RUSTFLAGS="-C target-cpu=native" pip install --no-binary :all: tachiom

Approach 2 — build from GitHub (development/editable mode):

git clone https://github.com/TusKANNy/tachiom.git
cd tachiom

Create a virtual environment (recommended):

python3 -m venv ./venv
source ./venv/bin/activate  # On Windows: venv\Scripts\activate

Or with conda:

conda create -n tachiom python=3.11
conda activate tachiom

Install maturin and build:

pip install maturin
RUSTFLAGS="-C target-cpu=native" maturin develop --release

Changes to Python code take effect immediately without reinstalling — ideal for development.

Rust

To compile all the Rust binaries in src/bin/:

RUSTFLAGS="-C target-cpu=native" cargo build --release

Details on how to use Tachiom's Rust CLI can be found in docs/RustUsage.md.

Quick start

import tachiom

# ── Build ─────────────────────────────────────────────────────────────────────
# Inputs (all .npy files):
#   vectors.npy    — [N, dim]   f16  one row per token
#   token_ids.npy  — [N]        i64  vocabulary id of each token
#   doclens.npy    — [n_docs]   i32  number of tokens per document

index = tachiom.Tachiom.build(
    "vectors.npy",
    "token_ids.npy",
    "doclens.npy",
    total_centroids=2_097_152,
)
index.save("my_index.bin")

# ── Load & search ─────────────────────────────────────────────────────────────
index = tachiom.Tachiom.load("my_index.bin")

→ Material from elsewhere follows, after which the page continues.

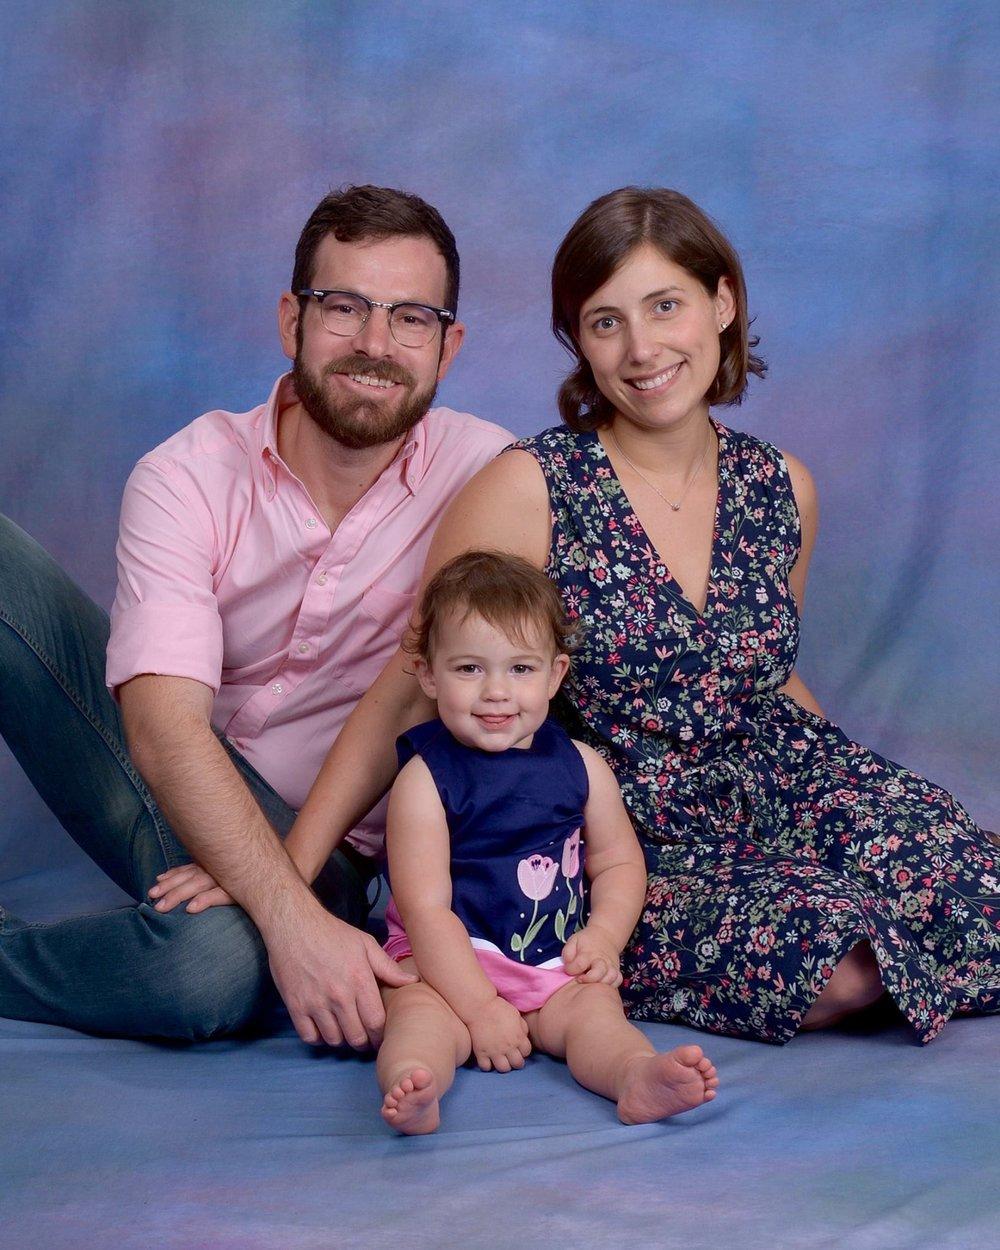 Steph Weird Family Photo.jpg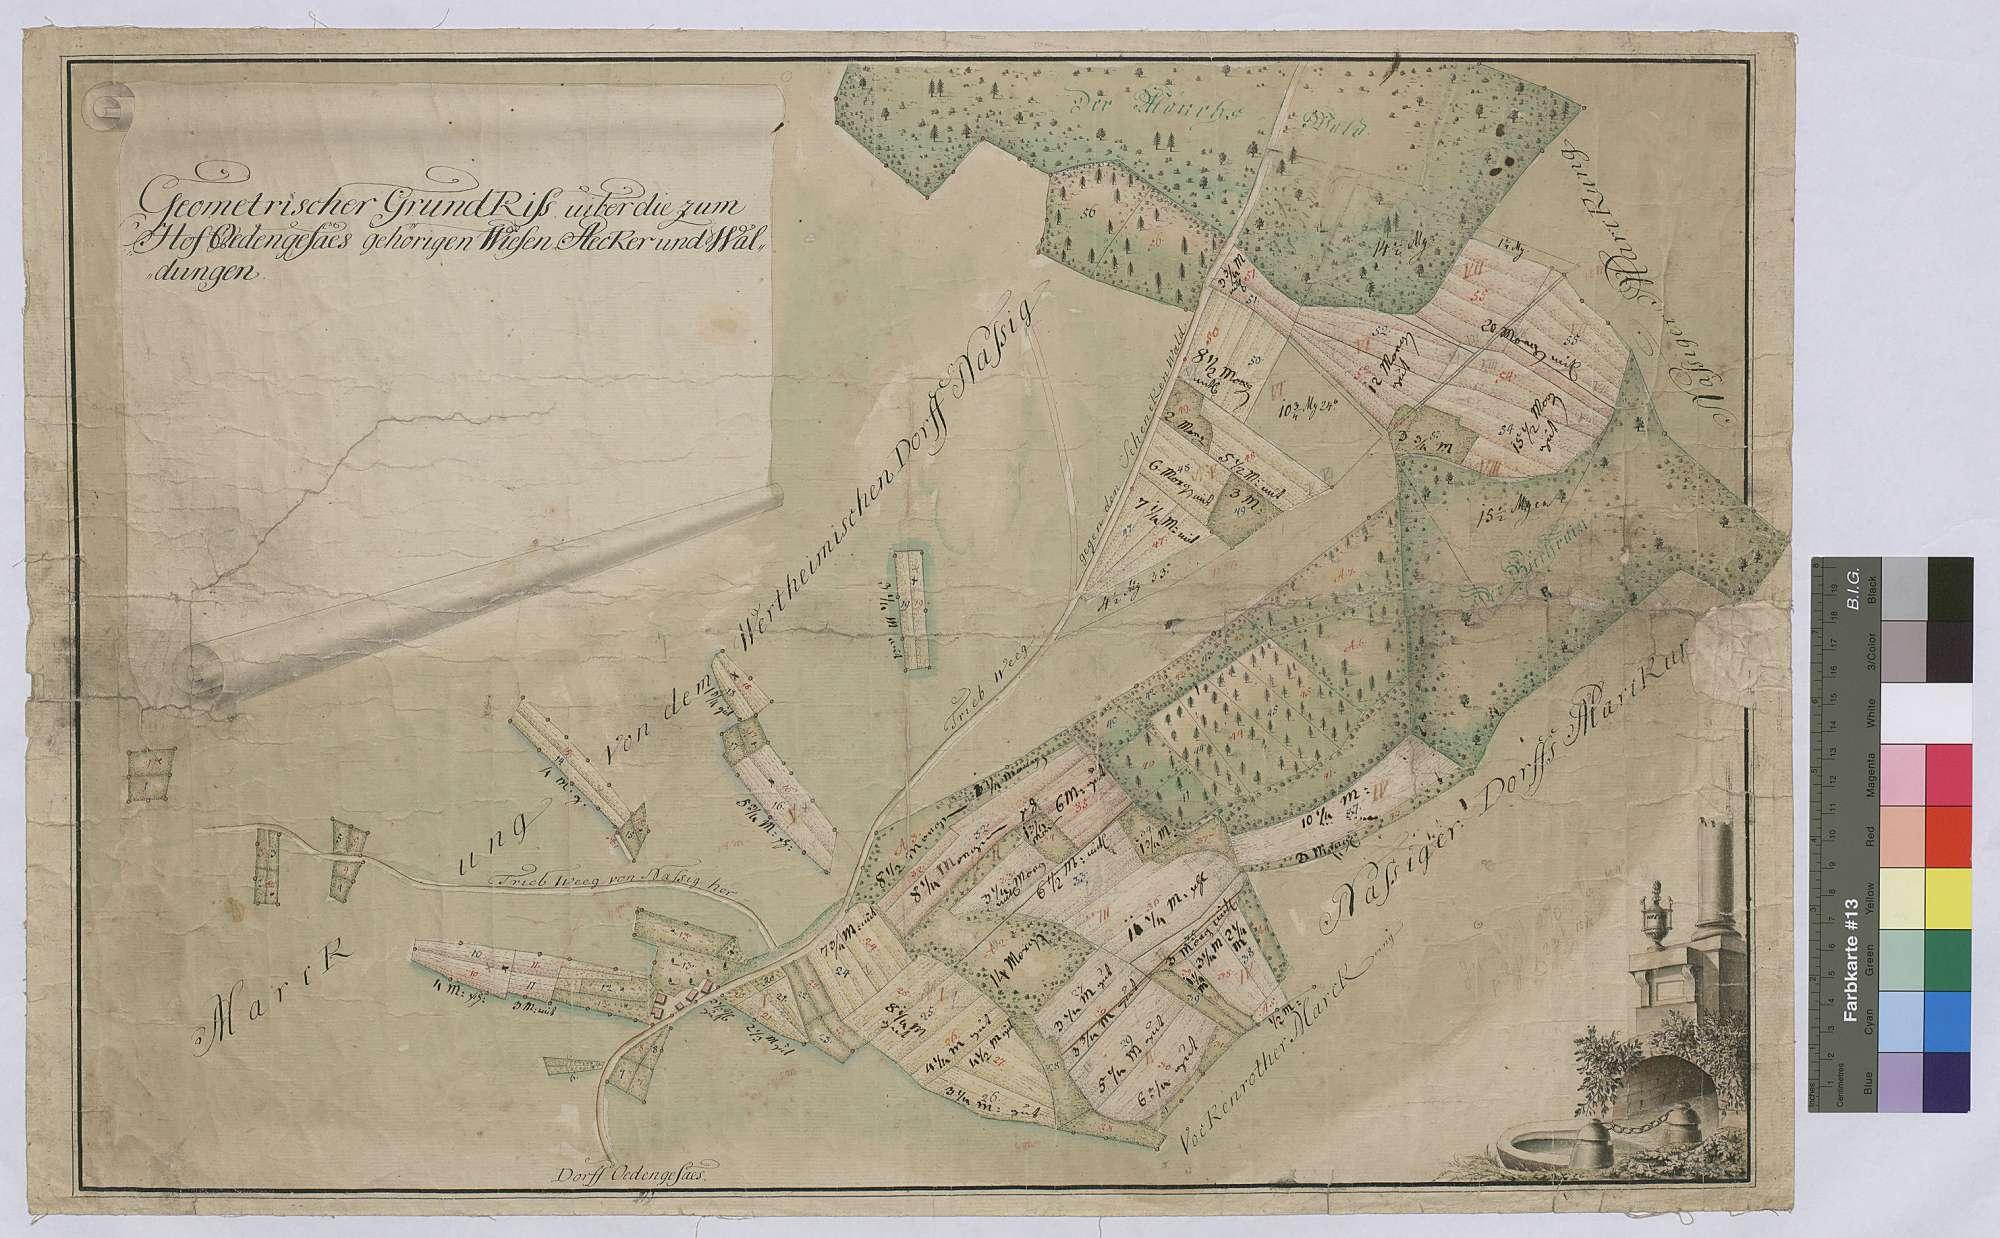 Geometrischer Grundriss über die zum Hofgut Ödengesäß gehörigen Wiesen, Äcker und Waldungen (Inselkarte), Bild 1

# queries: [n_queries, n_tokens, dim] f32 array
scores, doc_ids = index.batch_search(queries, k=10, num_threads=0)
# scores, doc_ids: [n_queries, k]

See docs/PythonUsage.md for the full API, all build and search parameters, and the two-step TAC workflow.

Datasets

Pre-processed datasets and pre-built indexes are available on HuggingFace, ready to use with the experiment configs in experiments/sigir2026/.

Dataset HuggingFace Index
MS MARCO-v1 (ColBERT v2) tuskanny/ms_marco_colbertv2 tachiom_msmarco_4M_normalized
LoTTE Pooled (ColBERT v2) tuskanny/lotte_pooled_colbertv2 tachiom_lotte_2M_normalized

Each dataset contains documents.npy, token_ids.npy, doclens.npy, queries.npy, doc_ids.npy, queries_ids.npy, a qrels .tsv file, and a pre-built Tachiom index. Download with:

pip install huggingface_hub
huggingface-cli download tuskanny/ms_marco_colbertv2 --repo-type dataset --local-dir ./ms_marco
huggingface-cli download tuskanny/lotte_pooled_colbertv2 --repo-type dataset --local-dir ./lotte

Resources

Document Description
Python API Tachiom and Tac classes, all parameters, search guide
Rust CLI bench_tac, tachiom_build, tachiom_search binaries, experiment runner, SIGIR 2026 reproduction
Jupyter notebooks End-to-end demo on TAC and TACHIOM
Experiments TOML configs used for the SIGIR 2026 benchmarks

License

This software is released under the MIT License (see LICENSE).

Citation license

By downloading and using this software, you agree to cite the following paper in any material you produce where it was used to conduct a search or experimentation, whether it be a research paper, dissertation, article, poster, presentation, or documentation. By using this software, you have agreed to the citation license.

Bibliography

This paper has been accepted at SIGIR 2026. The full proceedings entry will be available after the conference.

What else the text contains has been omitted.